# Lug Nut Torque???



## TYRFRYR (Feb 18, 2010)

Having some problems...... I'm using the torque spec for the lug nuts straight from the service manual (58 lb-ft) and I[m stripping lug nuts and stretching studs like crazy!!! 

My question is: What torque setting are you using for your lug nuts????


----------



## blue beast (Feb 16, 2010)

I have 56 ft lb of torque in my book (have an 08). I dont torque the lugs ,i just tighten them until it dont go any more .have not had any probs yet . saw a guy said he touqued them to specs and the wheels fell off in the mud hole . of course some people dont know how to do it properly they do it fast and all that does is tourque their arm.


----------



## bigblackbrute (Jun 3, 2009)

i jus tightn them to i cnt anymore ant had any problems


----------



## walker (Apr 5, 2009)

i use a 14mm and a 1/2 drive rachet stop when iot gets tight drive around pasture for 15 min then retighten .. havent had any problems with that formula yet


----------



## NMKawierider (Apr 11, 2009)

I tork mine to spec too but notice that the ITP lugs don't fit the threads as tight as the stocks.
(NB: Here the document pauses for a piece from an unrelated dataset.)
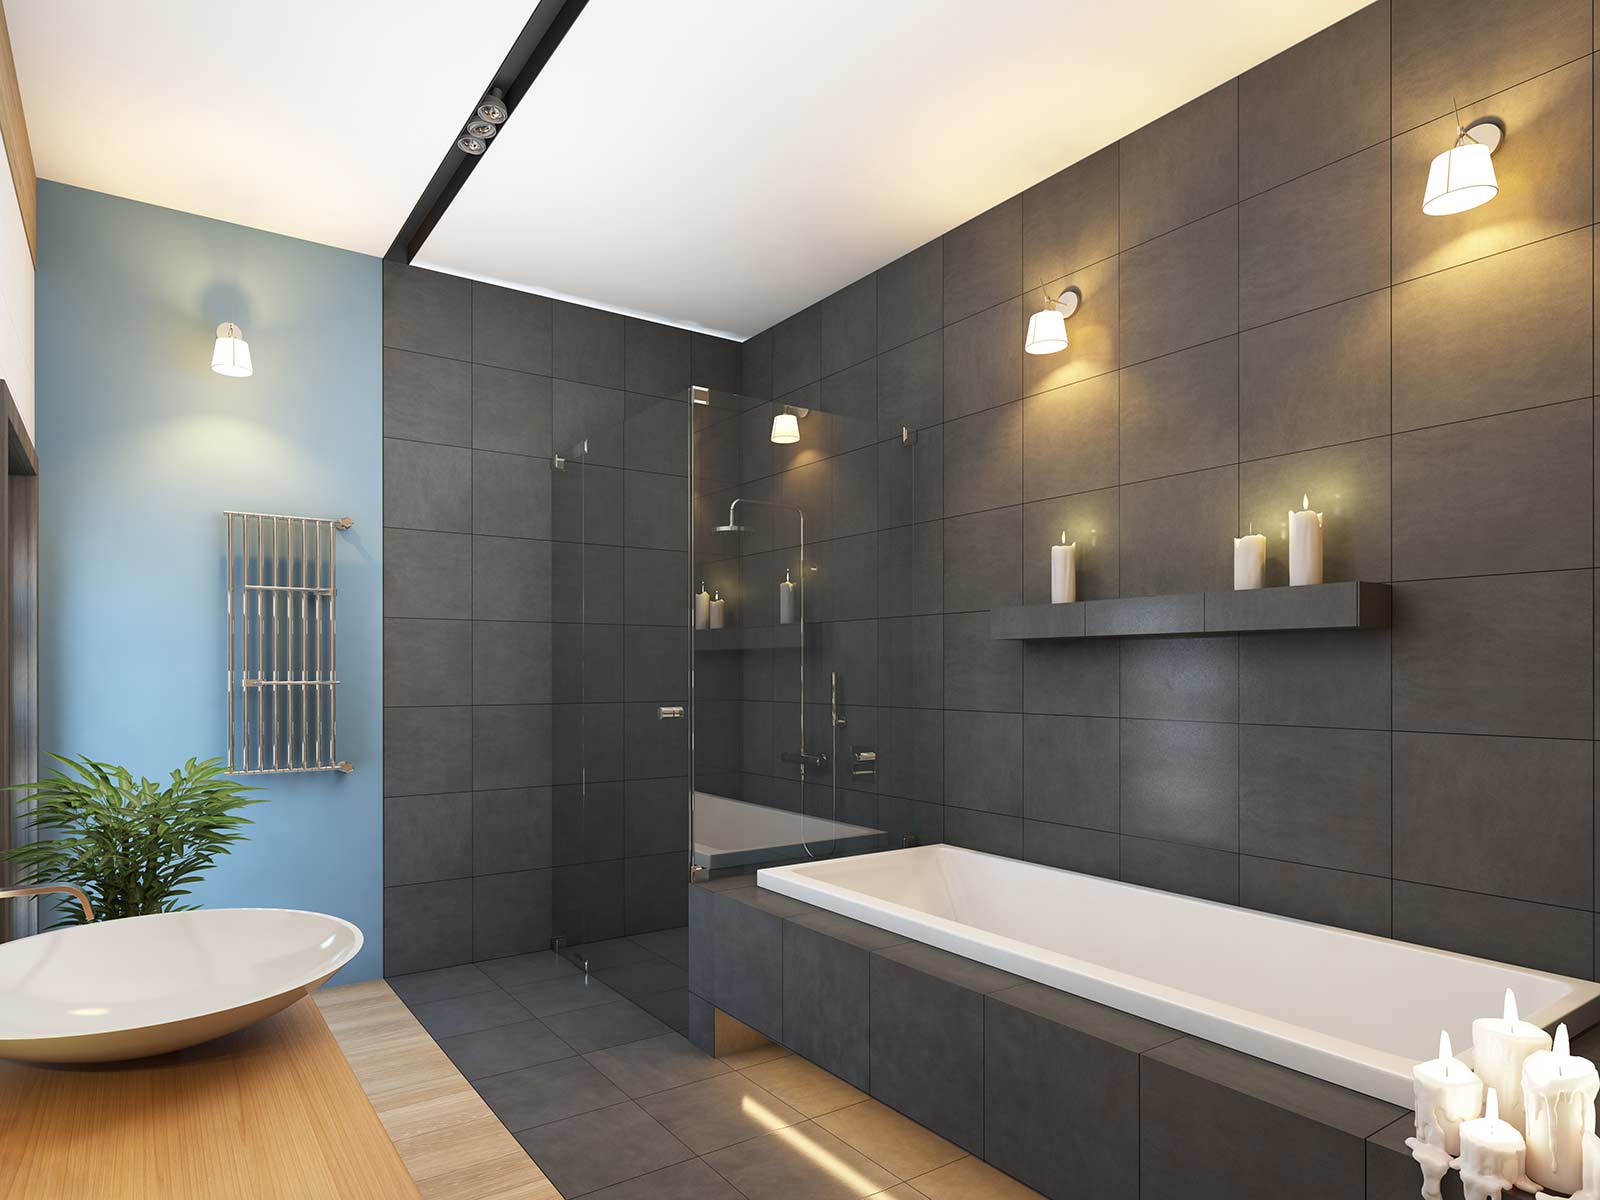 High-quality luxury bathroom fitter West Midlands
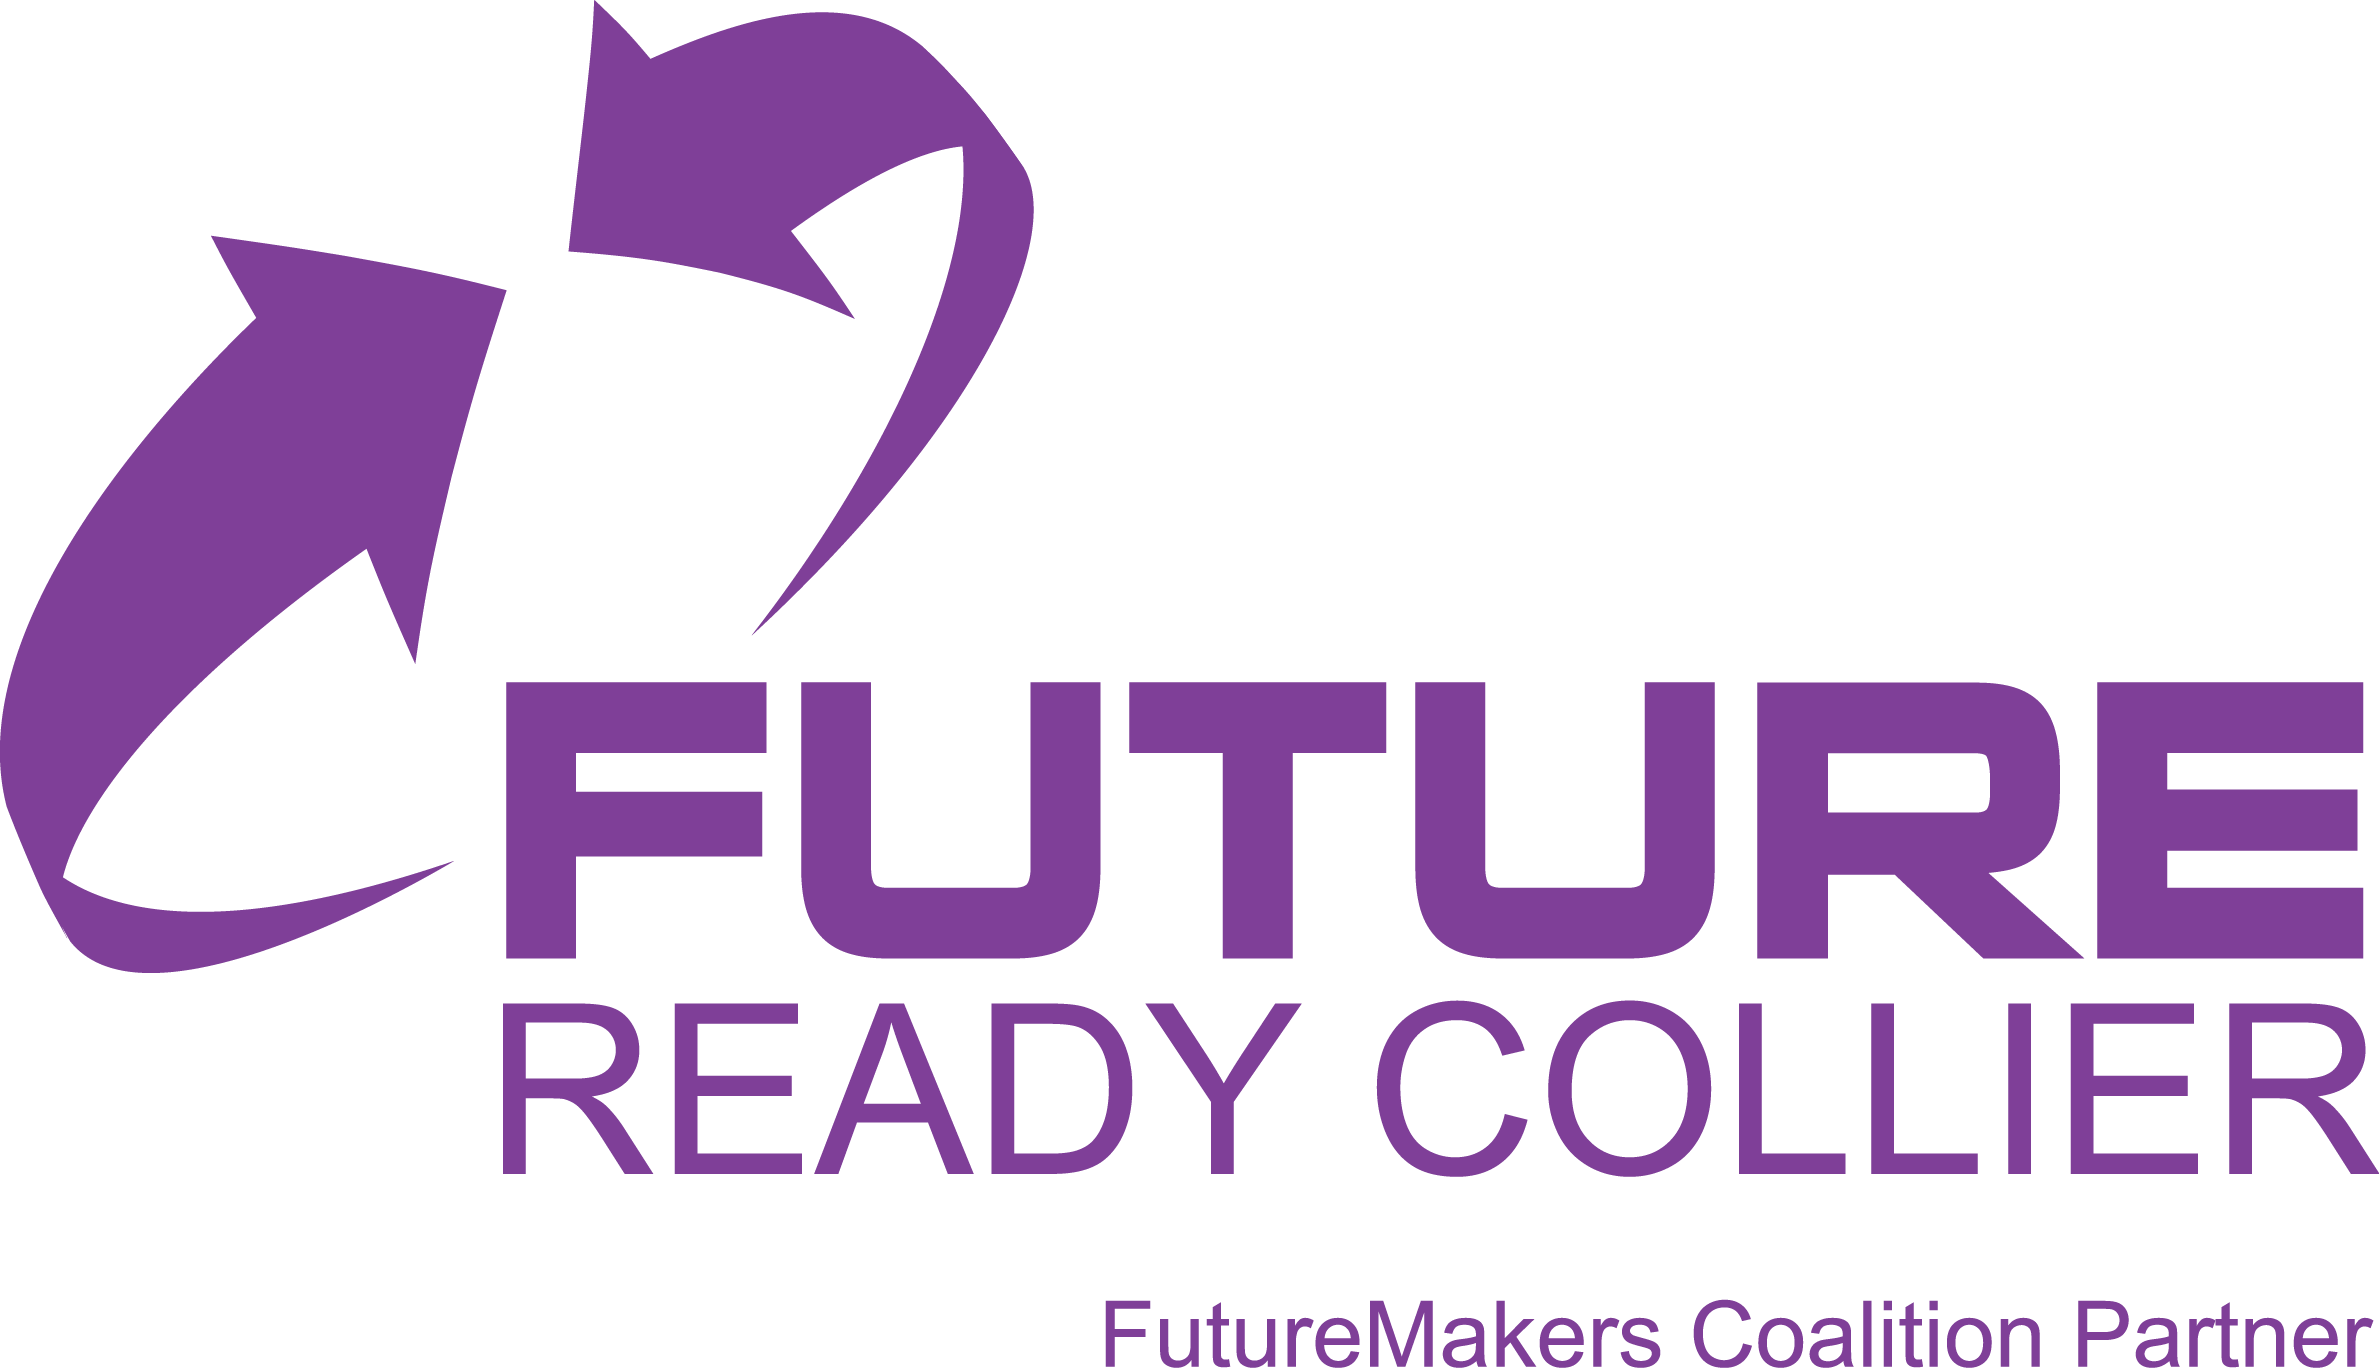 Future Ready Collier Purple Logo | Future Ready Collier - Naples, Florida

On some it felt like I was about to strip them but they held. I have checked them several times sense and two are not holding the tork well. I realy think its the aftermarket lugs that's the problem. If I could use the stocks...I would. I also notices there is a difference between my Snap-on tork wrench and my el-cheap-o from harbor freight. I think as long as you are above 48lbs your ok.


----------